Please don't get a pet for your five-year-old; get a pet for yourselves. She will like whatever animal you guys get - okay, maybe not a tarantula or a snake if she's phobic, but hey, she might even like those! - and she's way too young to have a pet "of her own" even if you're doing all of the dirty work and she just has the fun parts. Pets almost universally take more time, commitment, money, and dexterity than we expect before we get them, and if you're not prepared for that you may find yourself resenting or neglecting an animal you got for the sake of a kid who's too young to treat it properly anyway, not through any fault of her own, but because hey, she's an exuberant little kid who's still learning. The only pet I've ever had that I would call easy to care for are my pet mantids, and, well, you can't give a five-year-old a pet insect.

Anyway, my suggestion would be that if you guys want a pet, get a pet that you and your wife want and which works for your lifestyles, and I'm sure your children will enjoy playing with it too. If you guys don't want a pet, then don't get a pet. In a few more years they'll be old enough to start taking responsibility - I recommend waiting until 10 or 11. My parents let me get gerbils for Christmas when I was 11 on the condition that I showed them I could do all the research and pick out the right equipment to take good care of them, and it was a very good learning experience. Plus, since I was much more invested in getting gerbils than my parents were, I'm certain that they were much better cared for than they would have been if we'd gotten them when I was five. (Not to diss my parents - it's just that I went the extra mile because ZOMG GERBILS MUST HAVE GERBIL PARADISE, etc.)

I'm sorry if this sounds discouraging - I don't mean for it to be. Basically, I'm just saying you should get a pet on your own terms, not hers. (And if you decide you want gerbils or fish, btw, mefi-mail me; I'd be happy to give you more specific advice.)
posted by bettafish at 5:17 PM on March 11, 2009 [3 favorites]

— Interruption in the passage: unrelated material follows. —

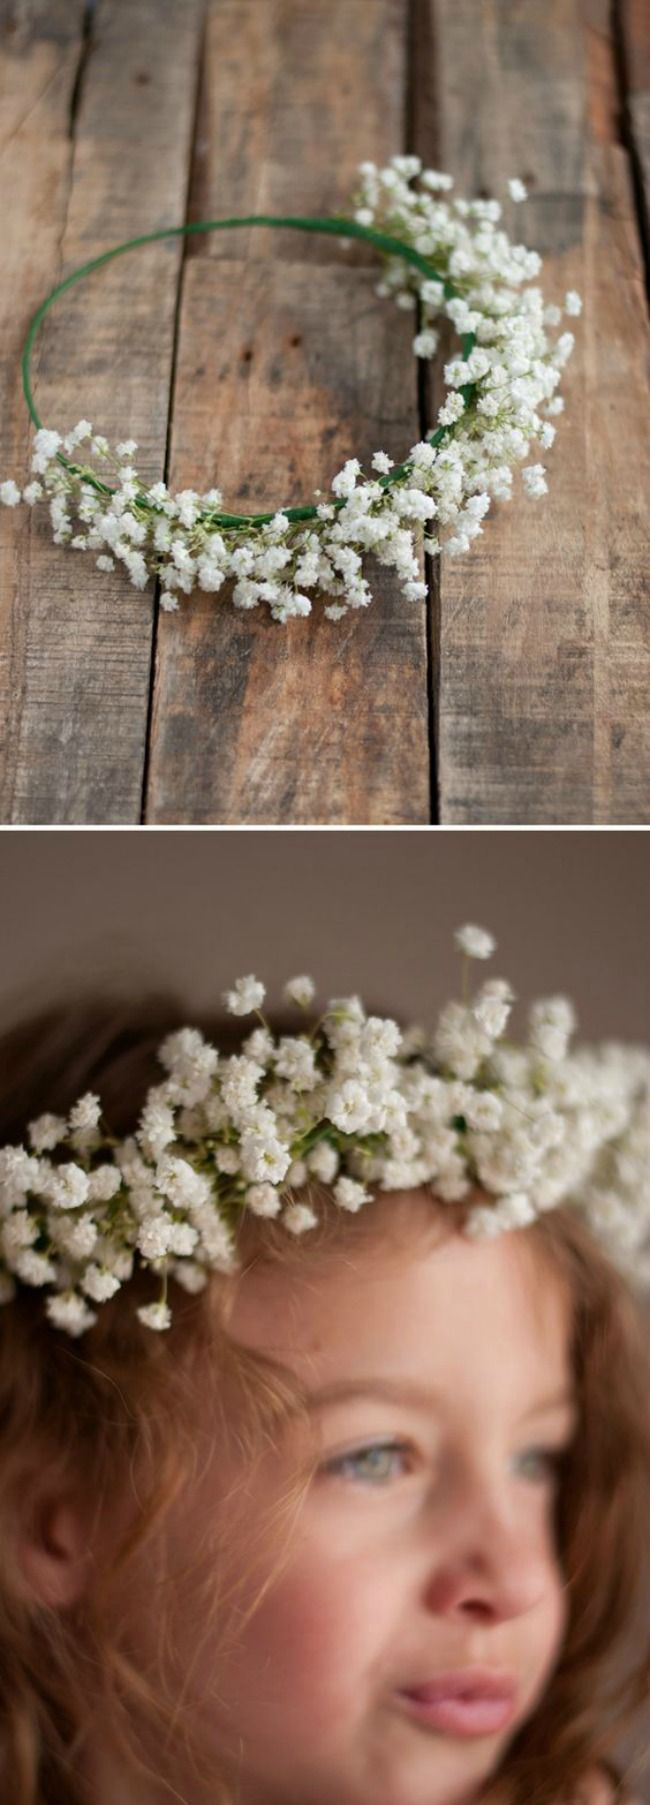 How To Make A Flower Crown Baby S Breath Crown Flower Girl Crown Diy Nedimeler Cicek Taclar Dugun Buketleri

Seconding what horses says. If you're allergic to cats, there's at least a decent chance that you're also allergic to rabbits. If you're concerned, consider a short-haired variety of rabbit, like a mini rex.

What about a guinea pig?
posted by pecanpies at 6:22 PM on March 11, 2009


A friend of mine who is allergic to cats and dogs is not allergic to bunnies...however, be aware of the creepy/sad/nervewracking fact that many bunnies can literally be scared to death-- make sure you have a calm household and it won't get ganged up on, manhandled, or accidentally dropped by eager little hands.
posted by availablelight at 6:46 PM on March 11, 2009


If you get a bunny - this site will be very helpful, I wish I'd seen it back when my brother's kids had a rabbit.

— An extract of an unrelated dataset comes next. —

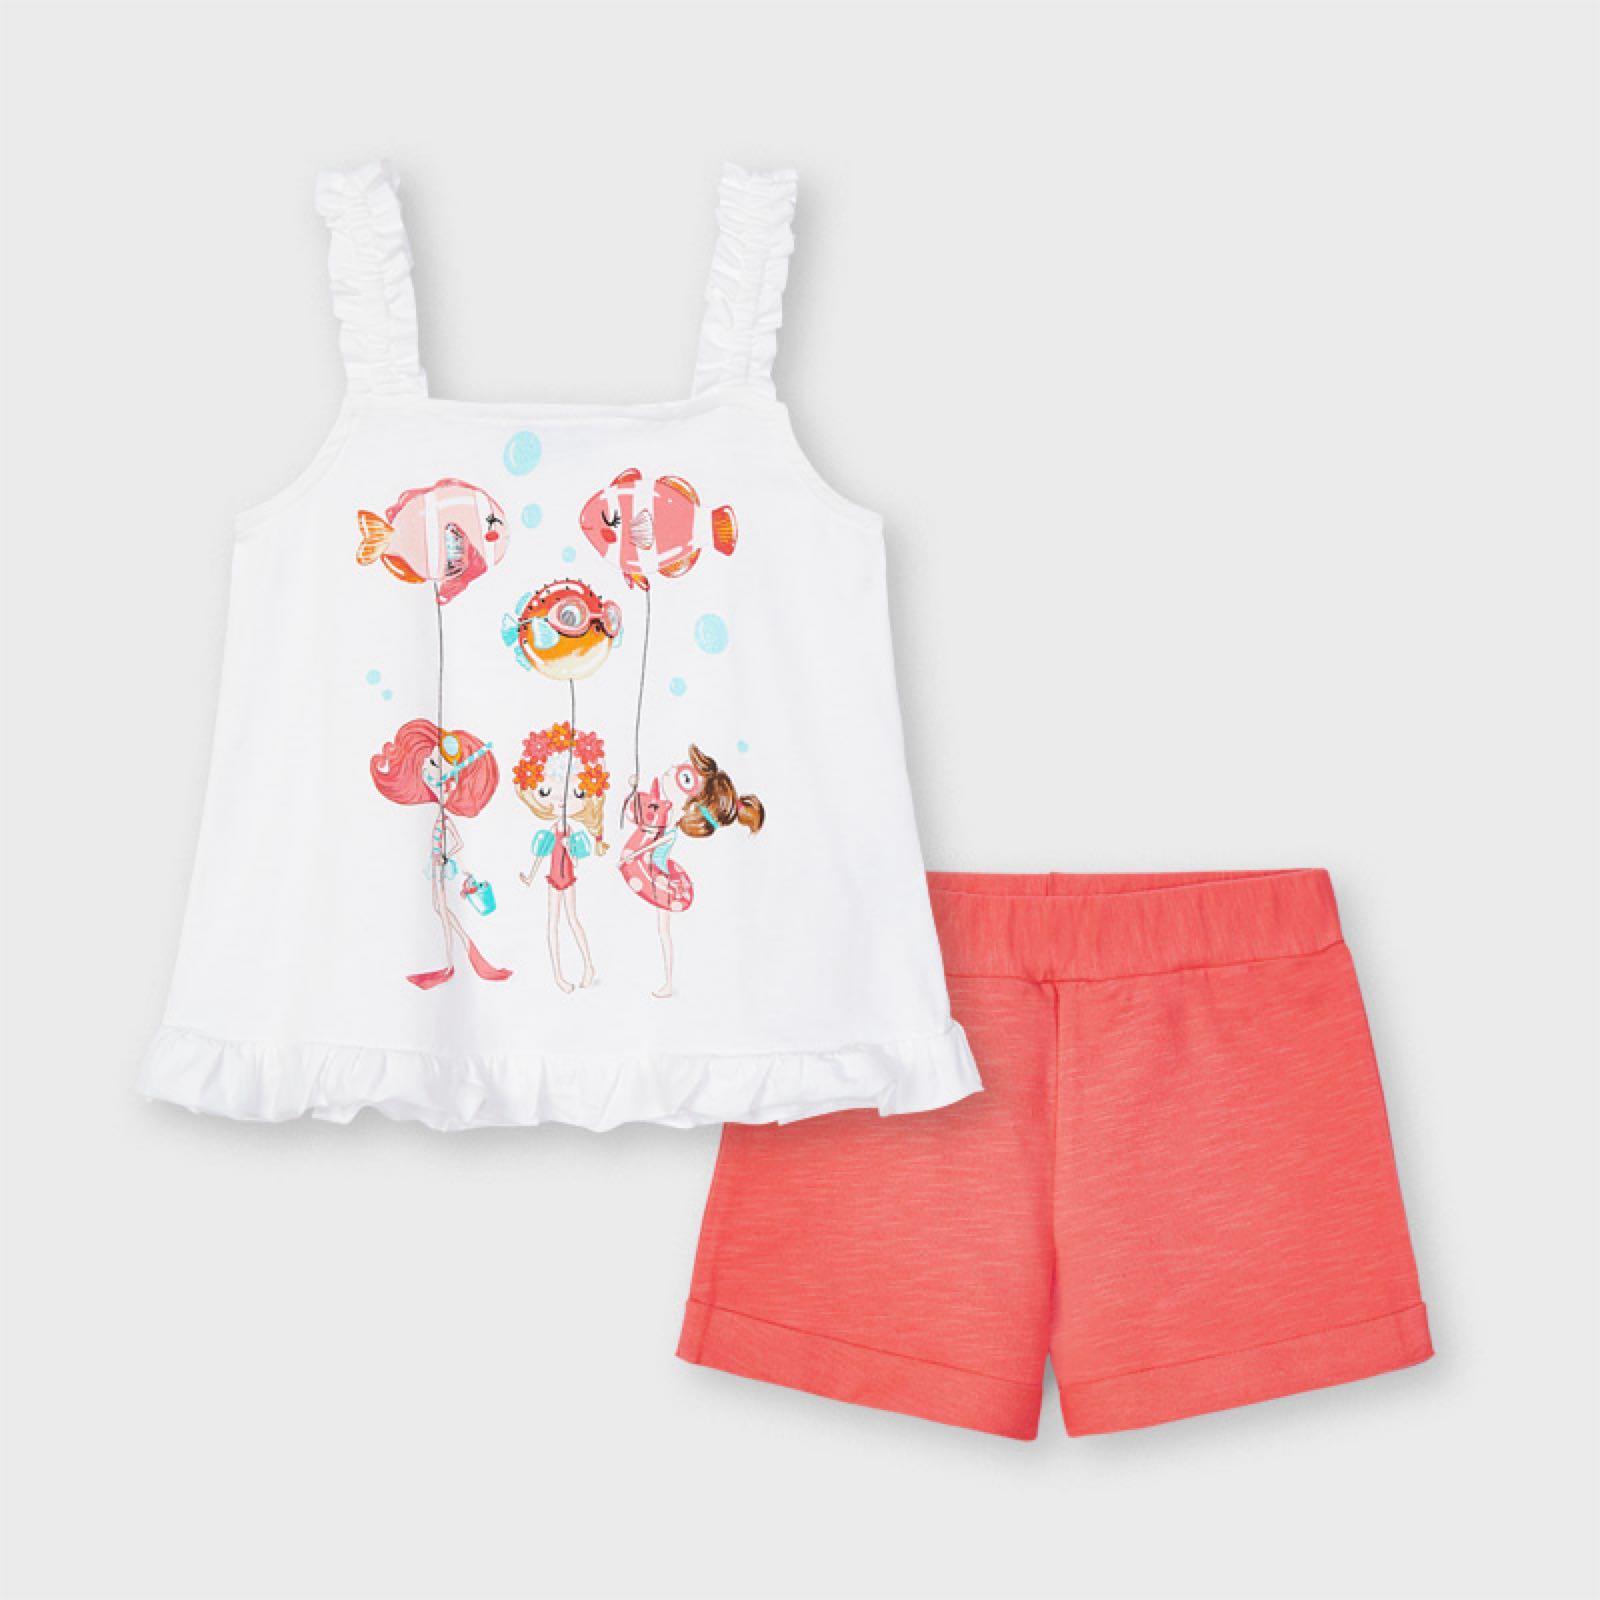 MAYORAL GIRLS Knit Shorts Set with Shirt 3219-51

http://language.rabbitspeak.com/
posted by 5_13_23_42_69_666 at 7:19 PM on March 11, 2009


Had two chins, they were pretty awesome - they soft, jump like crazy, a little hyper (in a cute way), and the dust baths are just a trip.

Downsides:
1. Projectile urination - this was my favorite. A friend really seemed to piss them off so they would approach the edge of their cage, stand up on their rear legs, and a mist of urine (like someone gleaking) would hit him. It was so fine a spray that he often didn't feel wet until after they'd been at it for a few seconds.
2. They explore by chewing on stuff. And the explore everything they can reach ... which is everything when you consider their lack of fear and 4 foot vertical leap.
3. They need a decent amount of space (large home) and attention (to be let out often ... so they can chew on your stuff).

A chin for a 5y/o? Agreed, not a super idea.

A guinea pig - easier to care for generally, fairly hardy, mine was not very playful but many are.

Rabbits - least emotionally connective of the above, but pretty damn cute and relatively easy to care for if you have the right space for them. Seconding the mini-rex recommendation.

A rat - we had one who was pretty funny, but they have fairly short life spans and losing a pet is pretty hard. Some don't smell great (ours was fine though)

Current pets: a dog and a leopard gecko (wife's class pet).